From Eve Ewing in Ghosts in the Schoolyard: Racism and School Closings on Chicago’s South Side:  “(W)hat do school closures and their disproportionate clustering in communities like Bronzeville, tell us about a fundamental devaluation of African American children, their families, and black life in general?… There is the symbolic weight of a school as a bastion of community pride, and also the fear that losing the school means conceding a battle in a much larger ideological war over the future of a city and who gets to claim it… (I)n expanding the frame within which we see school closure as a policy decision, we find ourselves with a new series of questions…. These questions, I contend, need to be asked about Chicago’s school closures, about school closures anywhere. In fact, they are worth asking when considering virtually any educational policy decision:  What is the history that has brought us to this moment?  How can we learn more about that history from those who have lived it?  What does this institution represent for the communities closest to it?  Who gets to make the decisions here, and how do power, race, and identity inform the answer to that question?” (pp. 158-159)

From the late Senator Paul Wellstone in a speech at Teachers College, Columbia University, March 31, 2000: “That all citizens will be given an equal start through a sound education is one of the most basic, promised rights of our democracy. Our chronic refusal as a nation to guarantee that right for all children…. is rooted in a kind of moral blindness, or at least a failure of moral imagination…. It is a failure which threatens our future as a nation of citizens called to a common purpose… tied to one another by a common bond.”
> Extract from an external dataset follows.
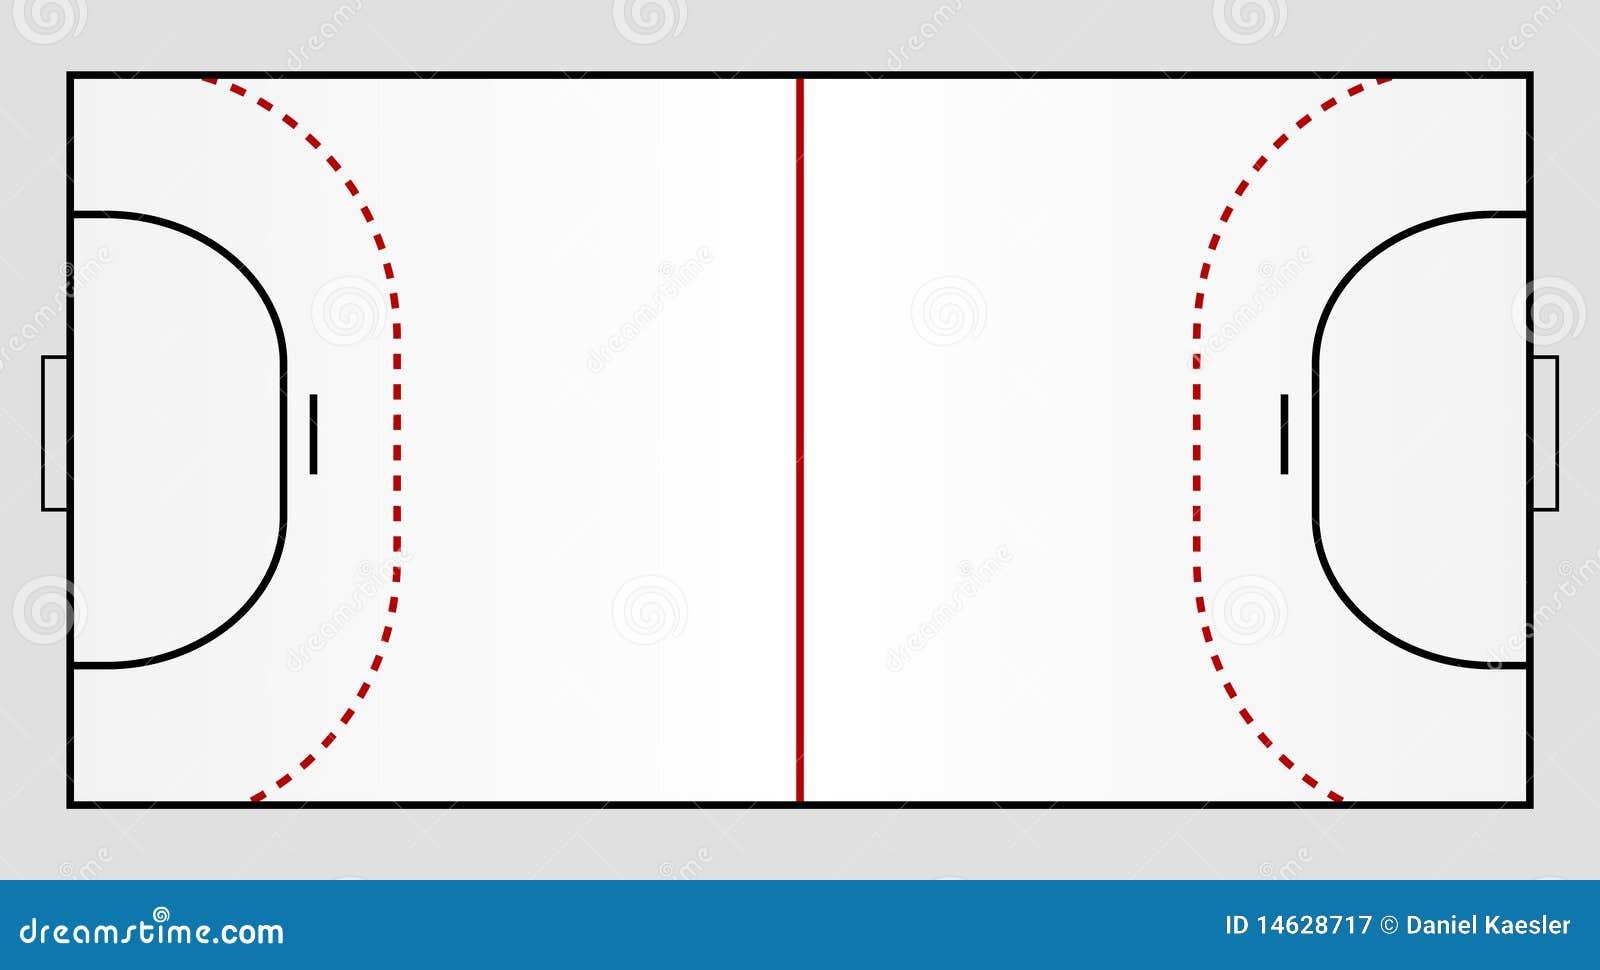 Handball Ground Royalty Free Stock Photography - Image: 14628717

4 thoughts on “Values that Express Our Idea of Public Education: The Values that Should Steady Us in this Tumultuous Week

  1. Jan,
    We are all richer for the depth and breadth of your reading, your pursuit of understanding, and your commitment to equitable access to meaningful learning experiences. My work in schools and my explorations of education, schooling, and learning lead me to this conclusion: We, as a nation, do not have a uniform belief about the purpose of education nor do we actually know what we believe about education, schooling, and learning. Not only is this true for the consumers of education (parents and their children), it also true of those of us who teach or who have taught and, perhaps of equal importance, it is true of politicians who determine what is right for our children and our schools.

    By most measures, this is not a high point in the American story. Historically we have bumbled along, responding to whatever was defined as the “need/crisis of the day”, only to wind up with a vague sense of dissatisfaction with the results of these efforts. While this may not be a uniquely American approach, it appears to characterized our approach to any number of issues… our place in the world order, the decisions designed to “grow” an economy, our collective responsibility (or lack thereof) for poverty, etc., etc.

    As Jan has done with the selection of readings, her post begs us to take the time to identify our beliefs… our beliefs about learning and schooling, our beliefs about nationalism, our beliefs about immigration, etc. I believe the next step is the analysis of the match between beliefs and actions and the selection of representatives whose proposals most closely bring an alignment.

  2. I guess this is nitpicking, but I’m disappointed that the NEA thinks that “transgendered” is okay.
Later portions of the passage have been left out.